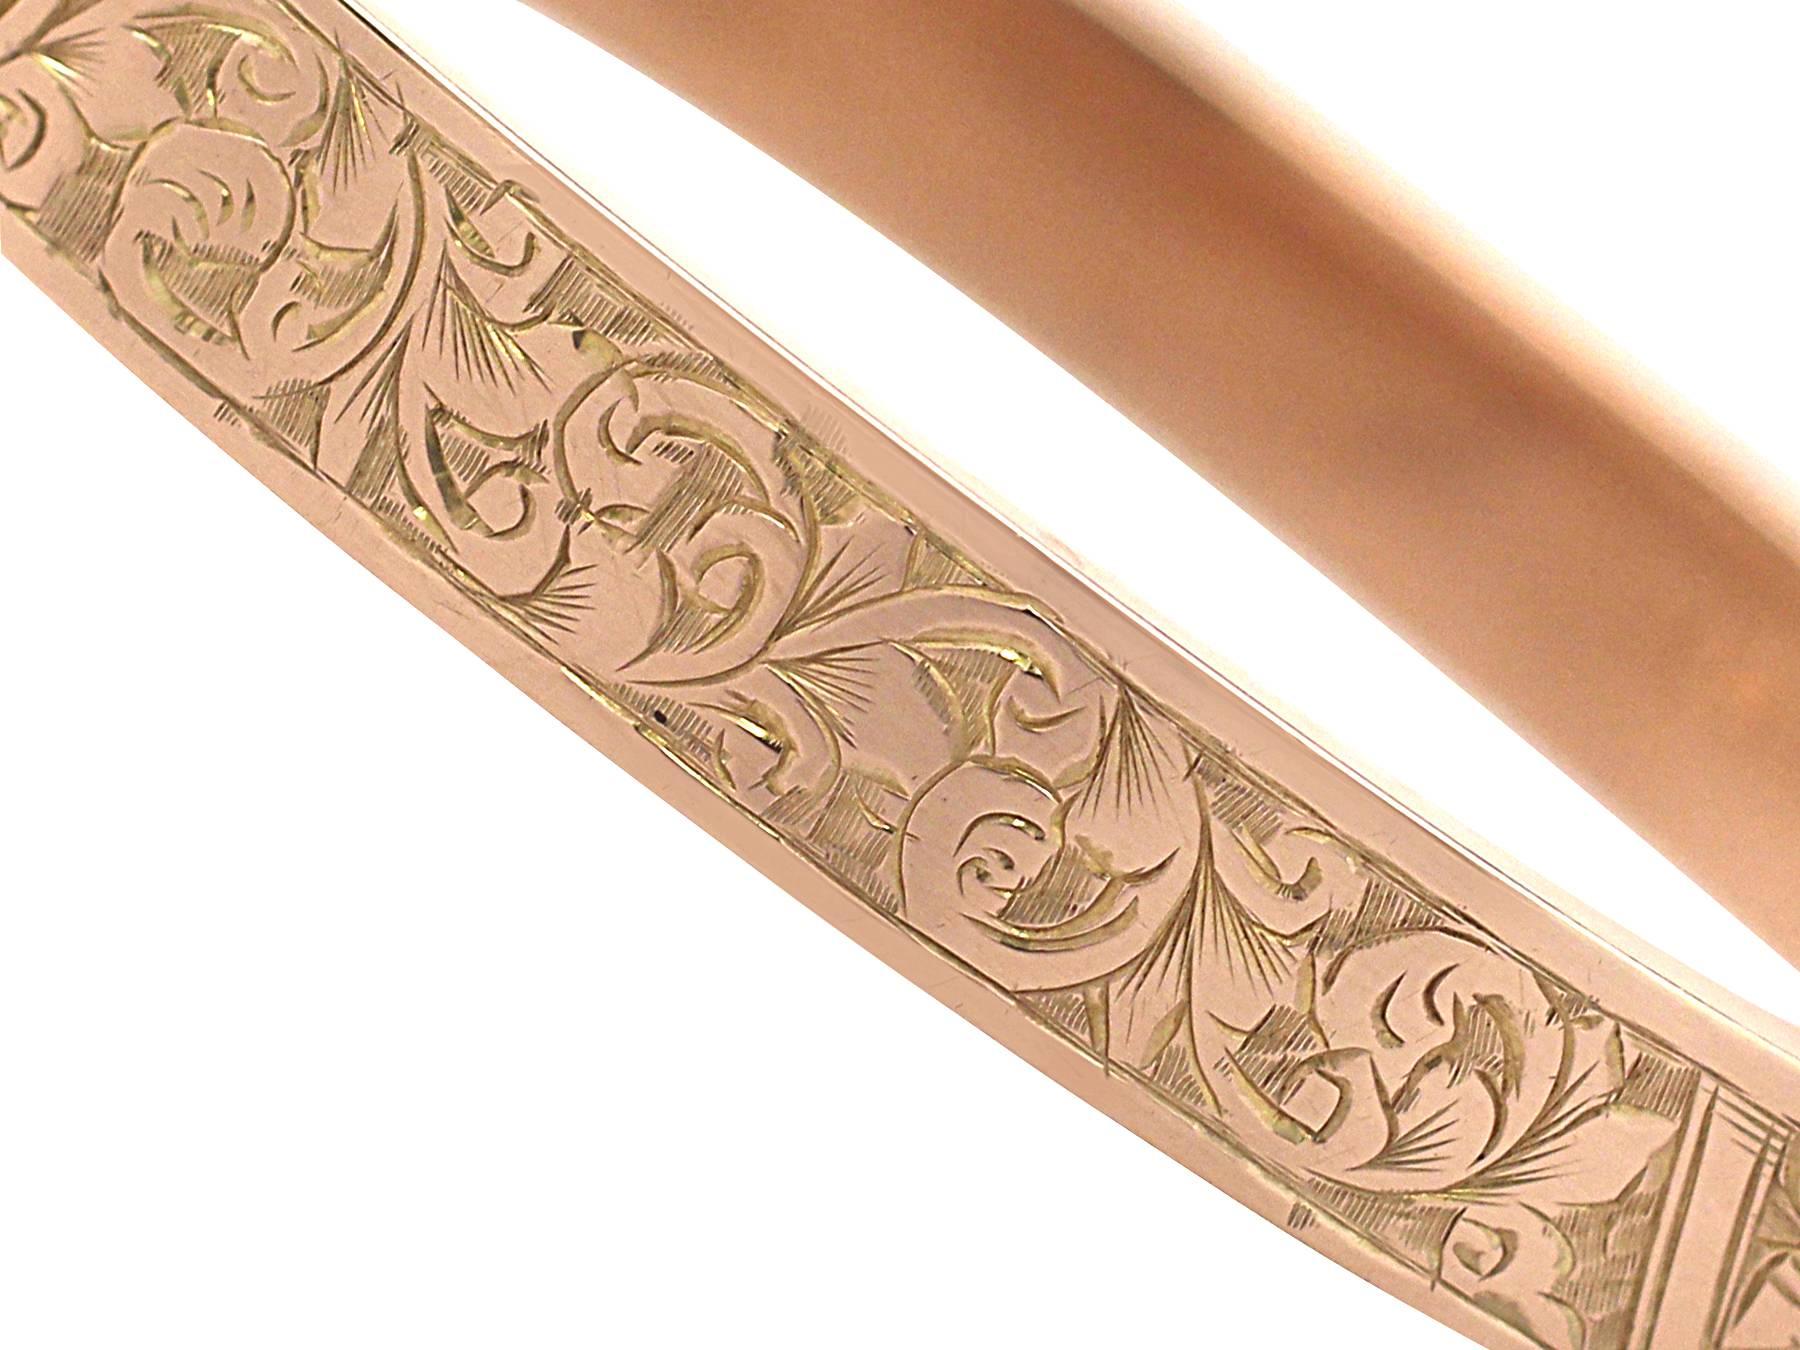 A fine and impressive antique Victorian 9 karat rose gold bangle; part of our diverse antique jewelry and estate jewelry collections

This fine and impressive antique bangle has been crafted in 9k rose gold.

The anterior face of the bangle is
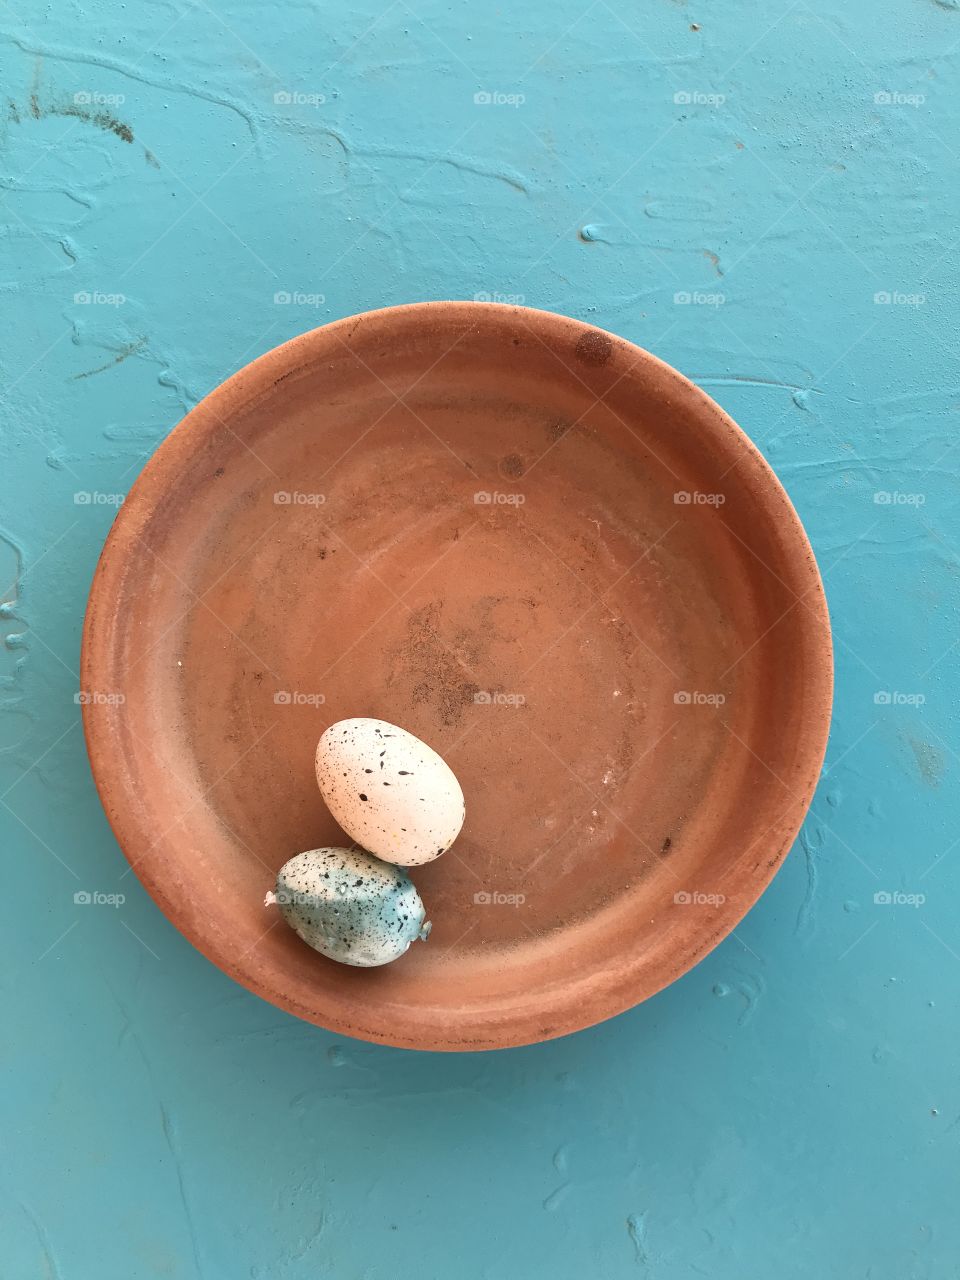 A couple of Robin eggs in a ceramic dish on a light blue background!

———

#### [What is expected]
Write out exactly the lines between the start of the data and the line with "The anterior face of the bangle is", including both, but none of the pictures.

#### [Response to this task]
 A fine and impressive antique Victorian 9 karat rose gold bangle; part of our diverse antique jewelry and estate jewelry collections

This fine and impressive antique bangle has been crafted in 9k rose gold.

The anterior face of the bangle is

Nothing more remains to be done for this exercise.